START Exercise data

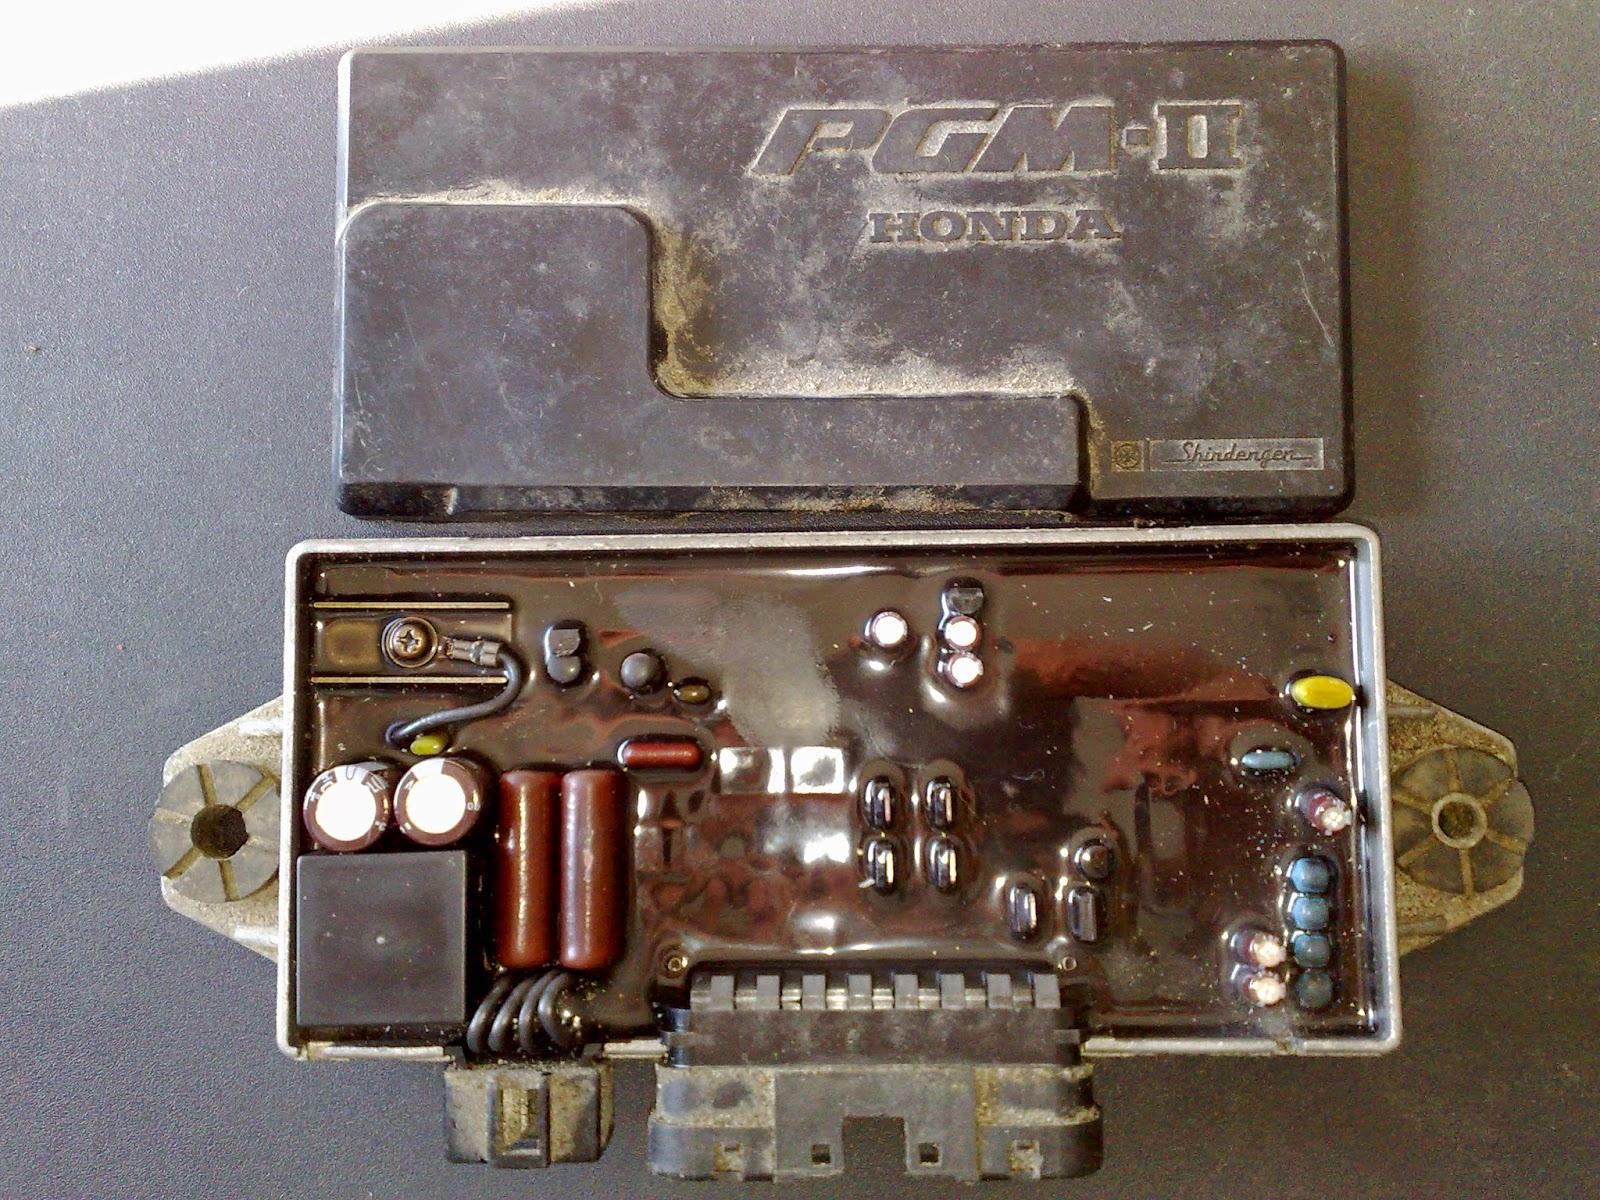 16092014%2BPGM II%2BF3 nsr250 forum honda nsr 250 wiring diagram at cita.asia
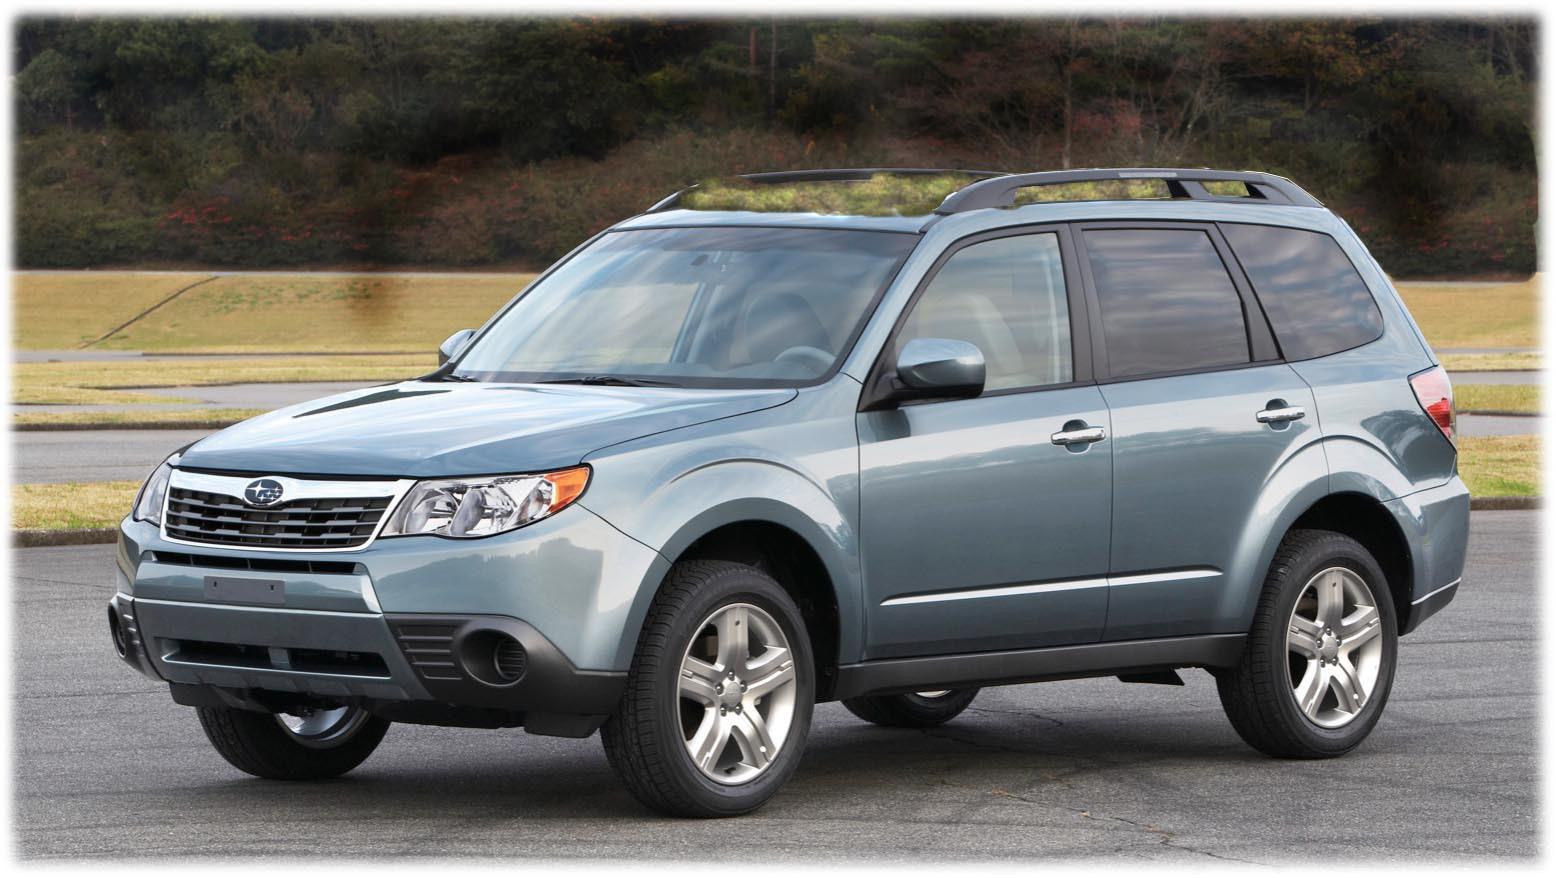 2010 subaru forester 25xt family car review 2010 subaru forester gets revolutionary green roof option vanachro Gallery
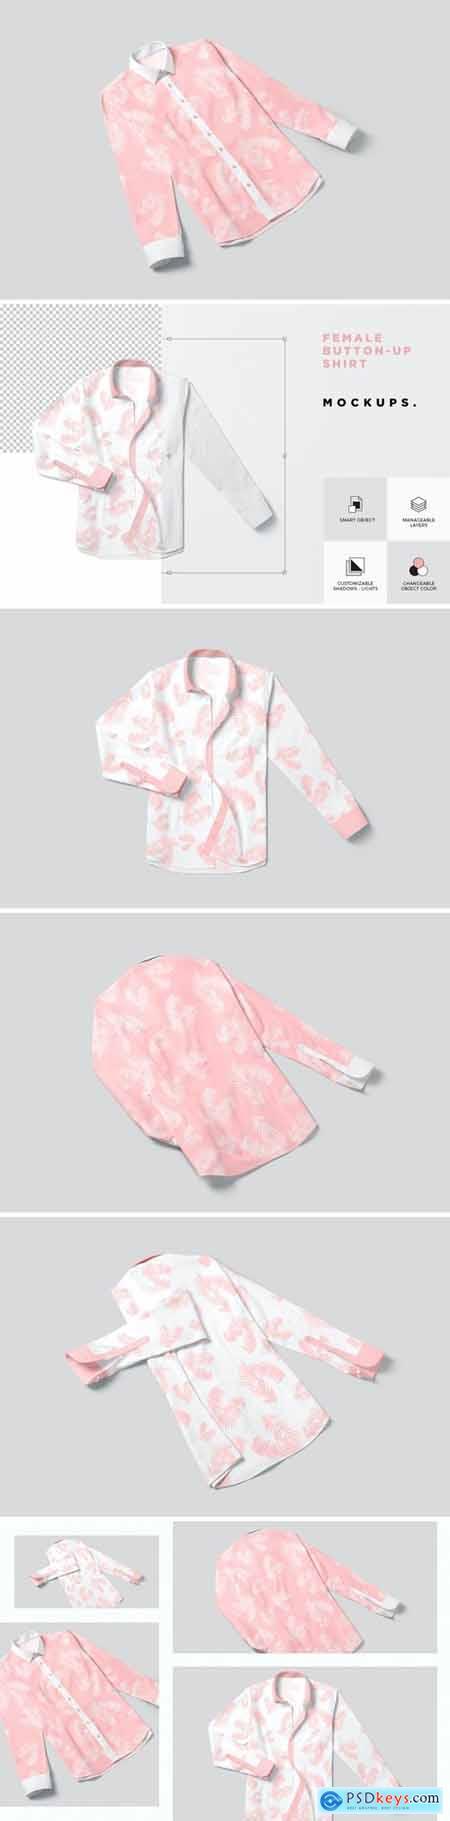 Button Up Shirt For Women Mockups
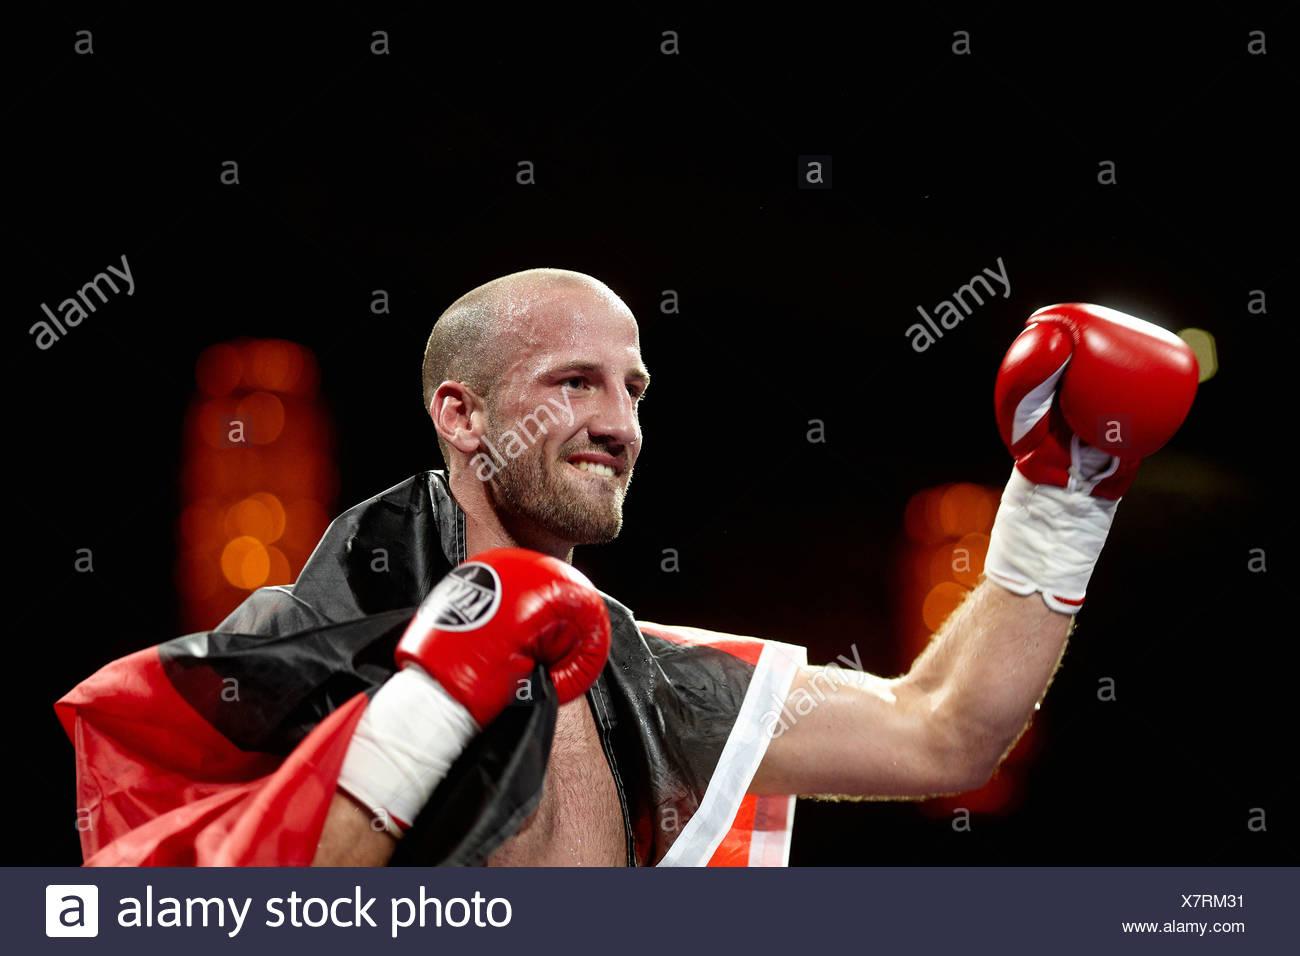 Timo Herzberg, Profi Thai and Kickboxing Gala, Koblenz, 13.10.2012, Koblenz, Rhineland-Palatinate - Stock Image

END Exercise data

▸ Work to be completed: Please copy the data above exactly; the pictures do not belong in the copy.

▸ Task solution:
 16092014%2BPGM II%2BF3 nsr250 forum honda nsr 250 wiring diagram at cita.asia
 2010 subaru forester 25xt family car review 2010 subaru forester gets revolutionary green roof option vanachro Gallery
 Button Up Shirt For Women Mockups
 Timo Herzberg, Profi Thai and Kickboxing Gala, Koblenz, 13.10.2012, Koblenz, Rhineland-Palatinate - Stock Image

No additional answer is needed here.